This course is the second course in a series that aims to prepare you for a role working as a programmer. In this course, you will be introduced to the five main concepts in procedural programming: user input, console output, variable declaration and assignment, decision branching and iteration. Labs will allow the students to apply the material in the lectures in simple computer programs designed to re-enforce the material in the lesson. Learners will need to have a local machine with any one of the following operating systems; Windows 7 SP1 or higher, macOS 10.1.13 or higher, or almost any version of Linux from the last several years. The learner will either need to download the free community edition of Visual Studio or the open source .NET Core installation. We will walk you through the process of getting your local environment set up as part of the course.
Console Input and Output
In this module, we roll up our sleeves and start coding! We will learn to use both Visual Studio to develop code and the command line. The Visual Basic Programs can be written on a Windows, Mac OS or Linux machine and I will show you how to do so. Our first programs will focus on reading input from the keyboard and outputting the results of the program to the console output.

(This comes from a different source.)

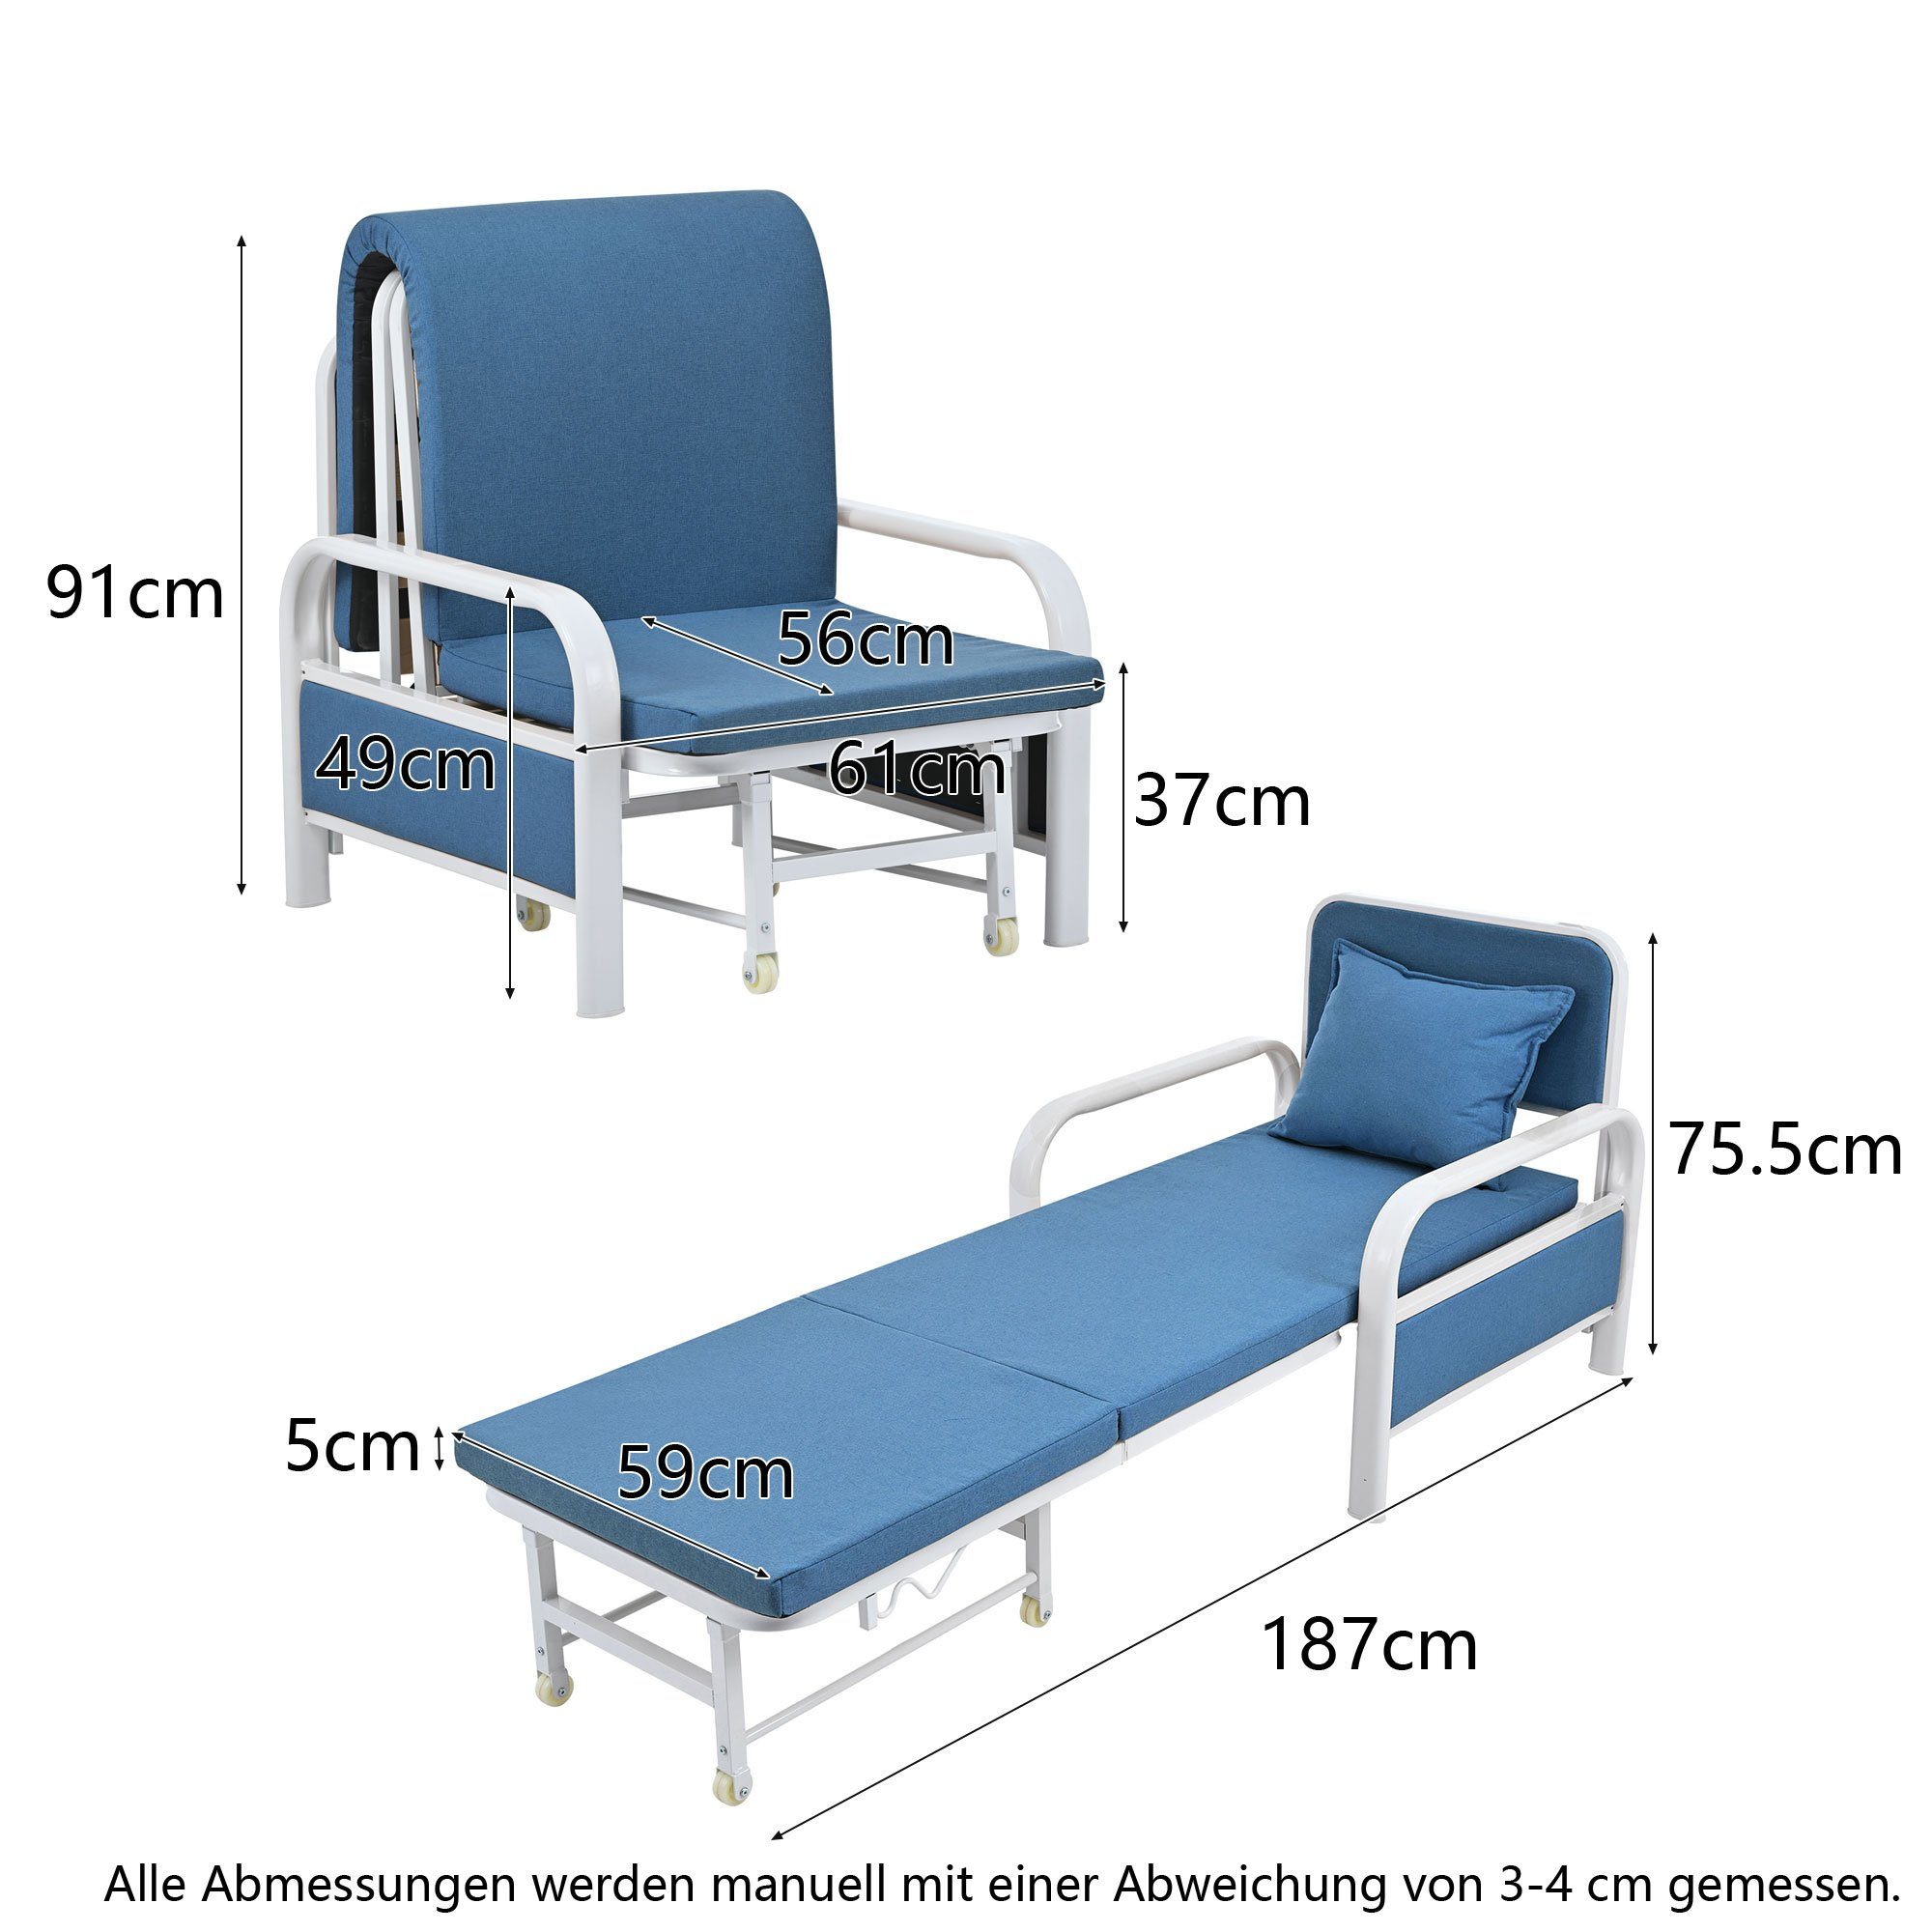 Chaiselongue in 2 Blau 3 Odikalo Schlafsofa Liegen, Farben Kissen,umwandelbar, 1 Sessel, mit

In the second module of this course, we will look at how computers store data during the execution of a program. We will look at storing whole numbers, decimal numbers, boolean values and strings. We will explore how you can convert between different types of variables. Lastly, we will look at how long a variable stays in existence and when it is visible to the pieces of the code.
In the third module of this course, we will learn how to change the flow of a program’s execution based on a test. We will look at single tests utilizing if statements in our code. We follow up with multiple tests with the addition of the else clause. Lastly, we look at the case statement as an alternative expression of the flow of the program.
In the fourth module of this course, we learn how to change the flow of our programs by repeating code iteratively. We will start with a look at loops that repeat a fixed number of times. We will follow up with writing loops that continue while a test is positive. Lastly, we will look at how we can modify the flow to immediately break from a loop or jump back to the test condition.